BACKGROUND: With the ultimate aim of reducing time to start radiotherapy treatment in patients with rectal cancer, this study explores the feasibility of omitting a planning CT scan (pCT), by utilizing the diagnostic CT scan (dCT) for treatment planning, with or without plan adaption using online adaptive radiotherapy. METHODS: Fifteen rectal cancer patients, with both dCT and pCT available, were included. Target volumes and organs at risk (OARs) were delineated on both scans, followed by treatment planning based on the dCT contours. Plans were recalculated on the pCT to assess dosimetric differences for target volumes and OARs. Additionally, five patients with HyperSight CBCT scans underwent a similar planning process. An online adaptive treatment workflow was simulated using the Ethos system, where the dCT and its plan served as the reference, and the HyperSight CBCT was used for adaptation.
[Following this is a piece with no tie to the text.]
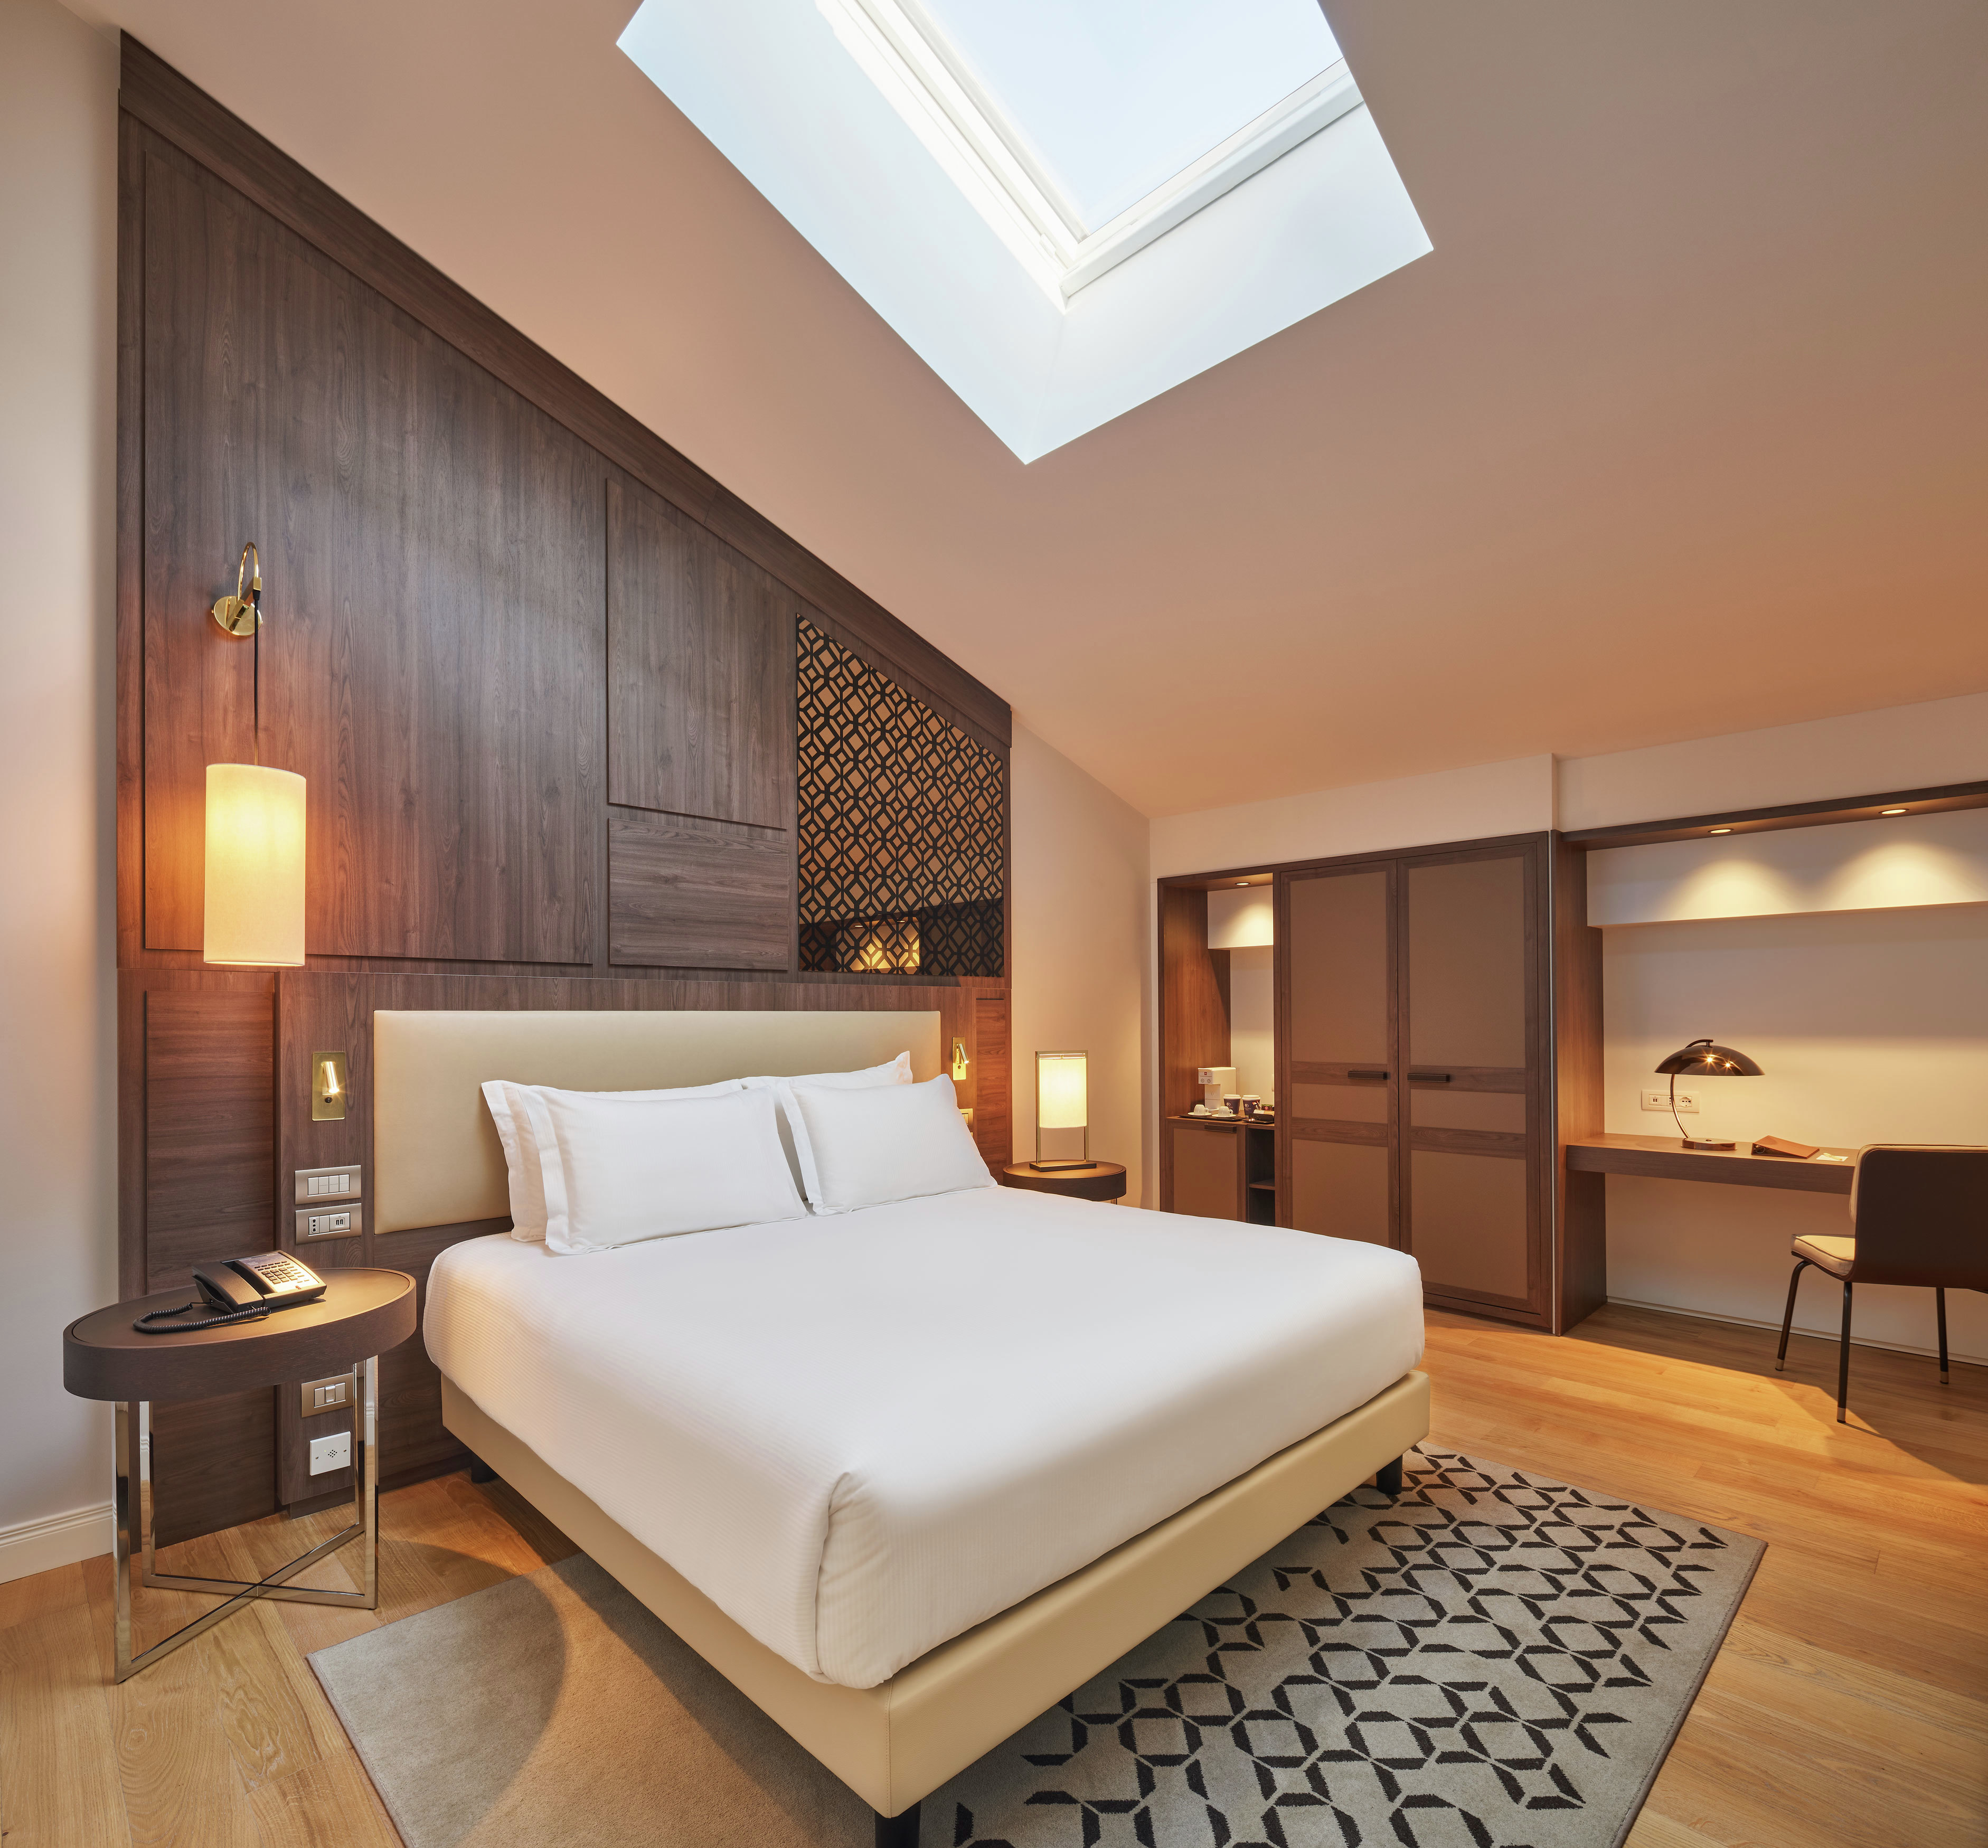 a bed in a room with vaulted ceiling and a skylight
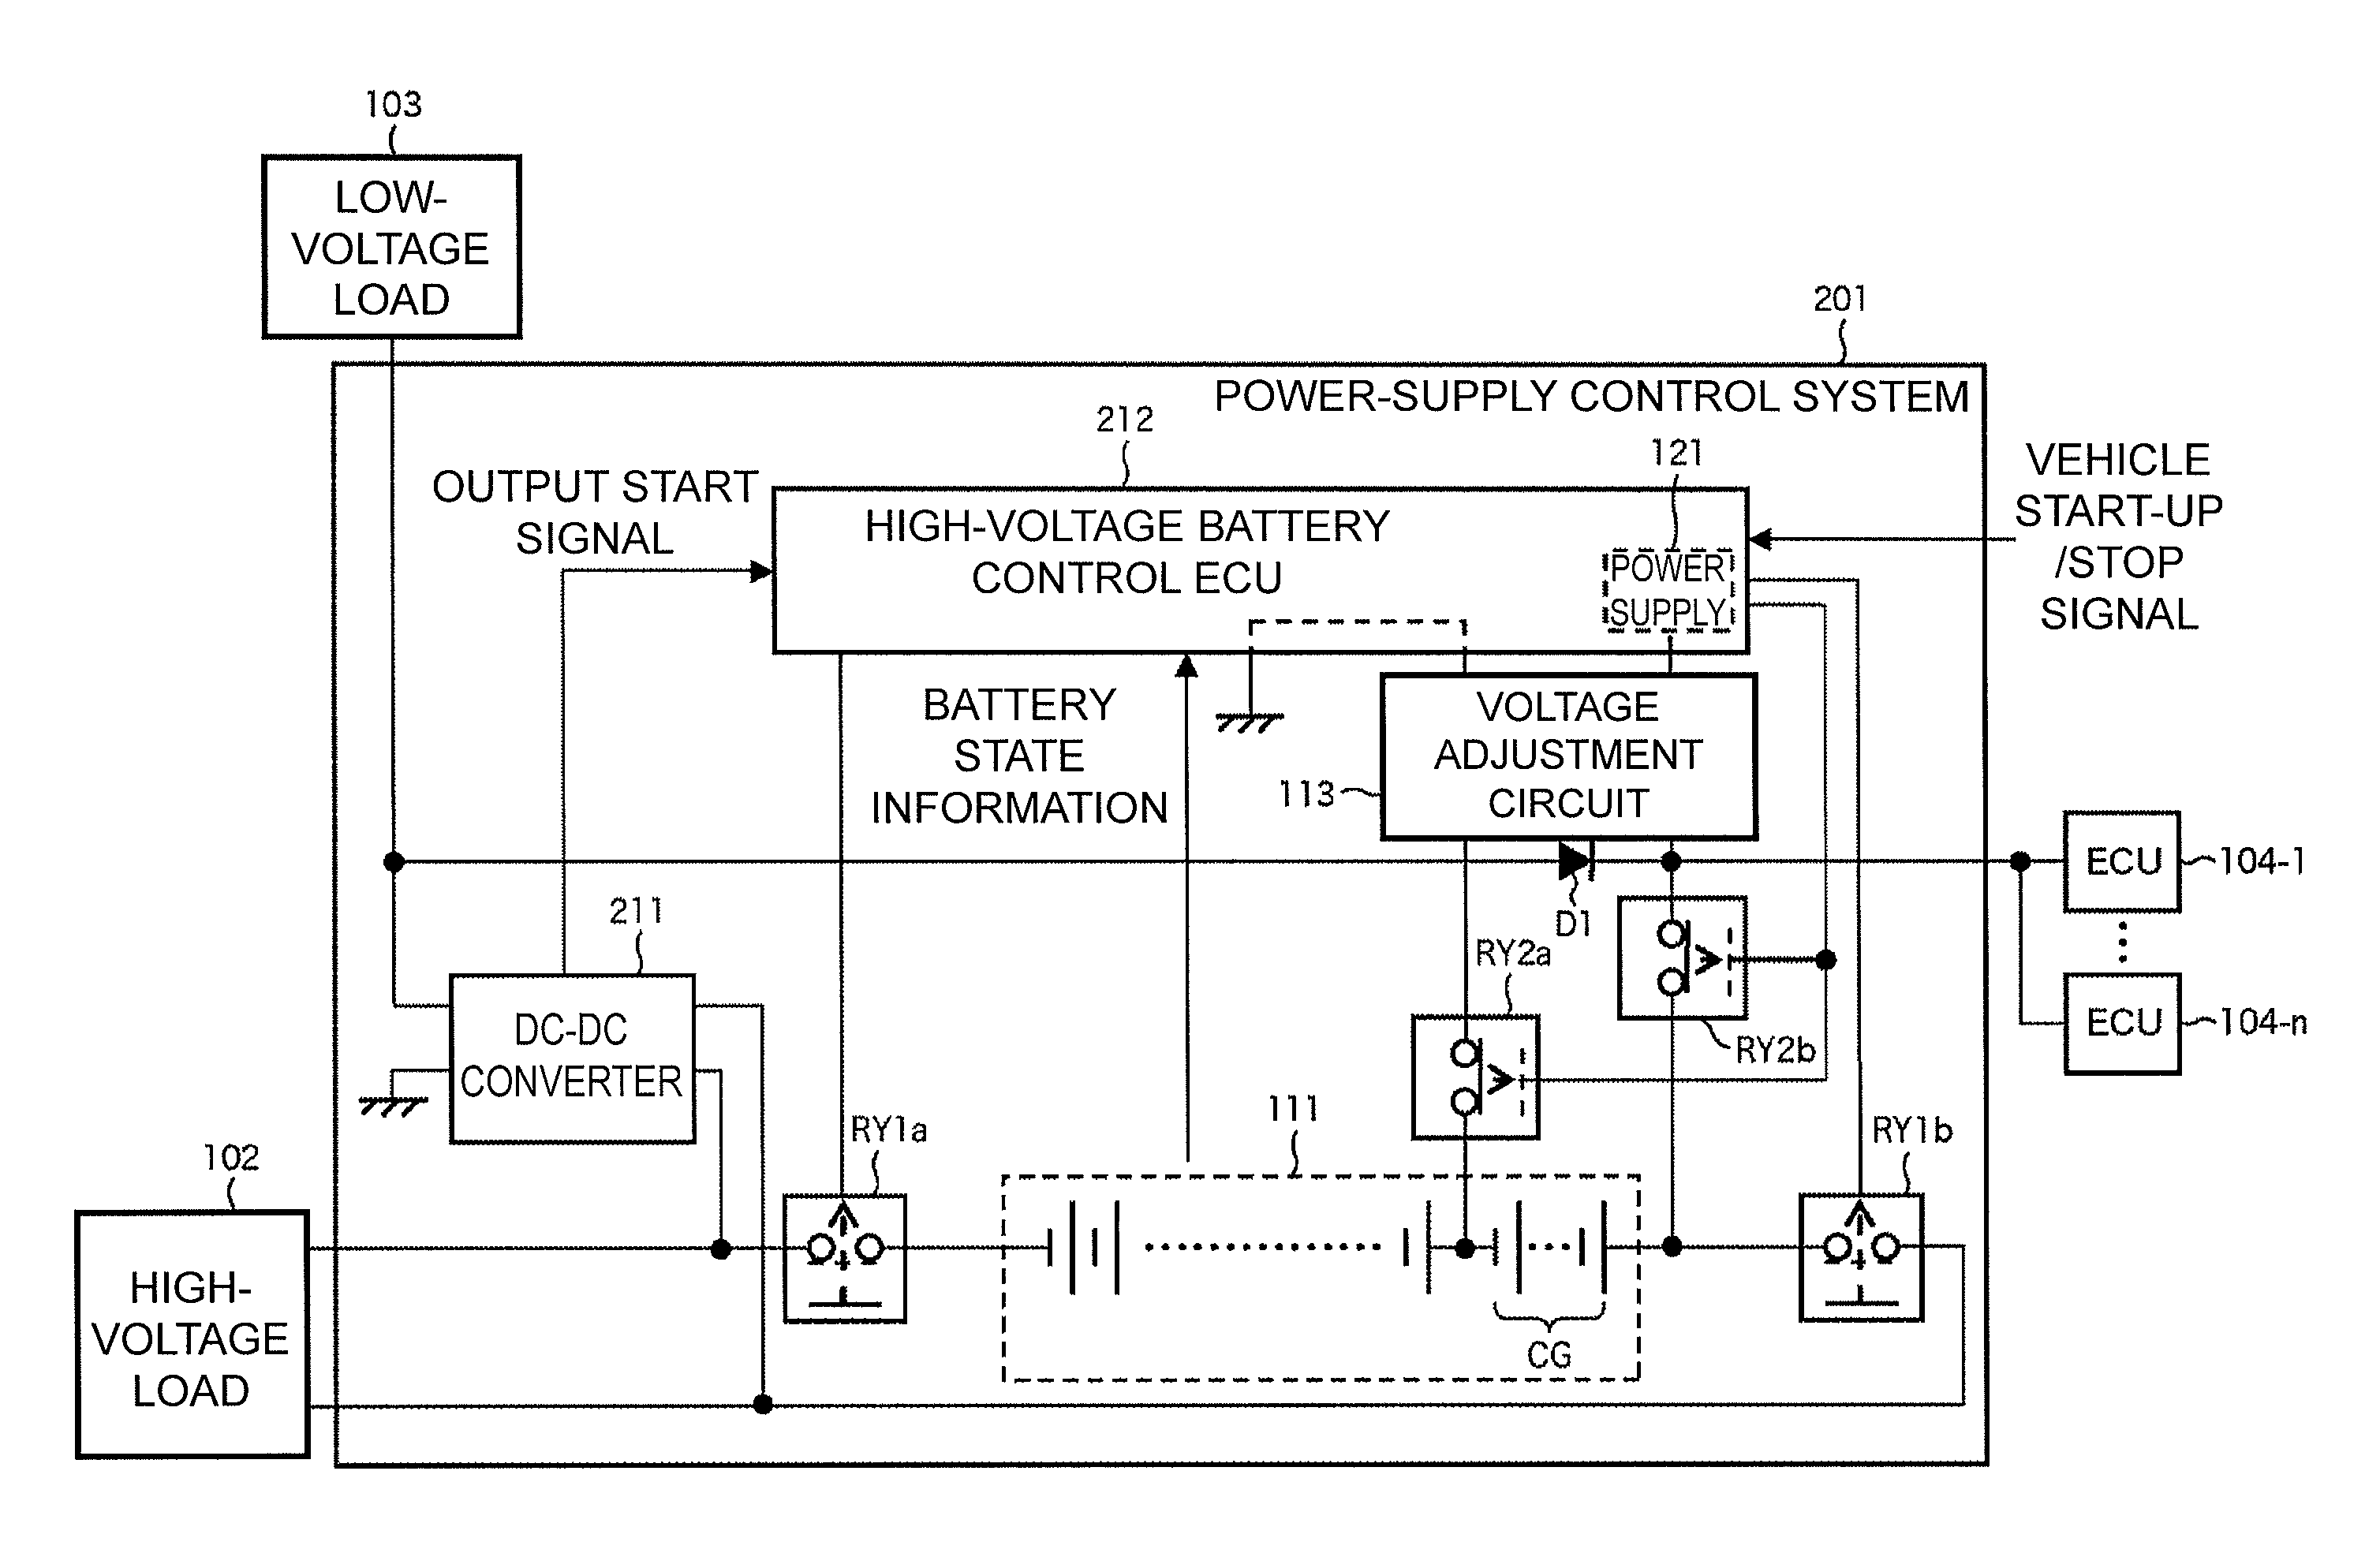 Power-supply control device

RESULTS: dCT-based plans showed adequate target volume coverage. However, when recalculated on the pCT, median coverage decreased for both CTV and PTV, and OAR doses increased. None of the 15 plans met prescribed constraints without online adaptive radiotherapy. In contrast, for all five patients in the adaptive workflow, the treatment plans met target volume coverage and OAR constraints. CONCLUSION: Using dCT-based treatment planning is feasible for rectal cancer patients but requires at least one online adaptive session. A prospective trial (MEC XXXX-XXXX) is ongoing in patients with rectal cancer, aiming to reduce time to start treatment, by omitting the pCT and using online adaptive radiotherapy workflow.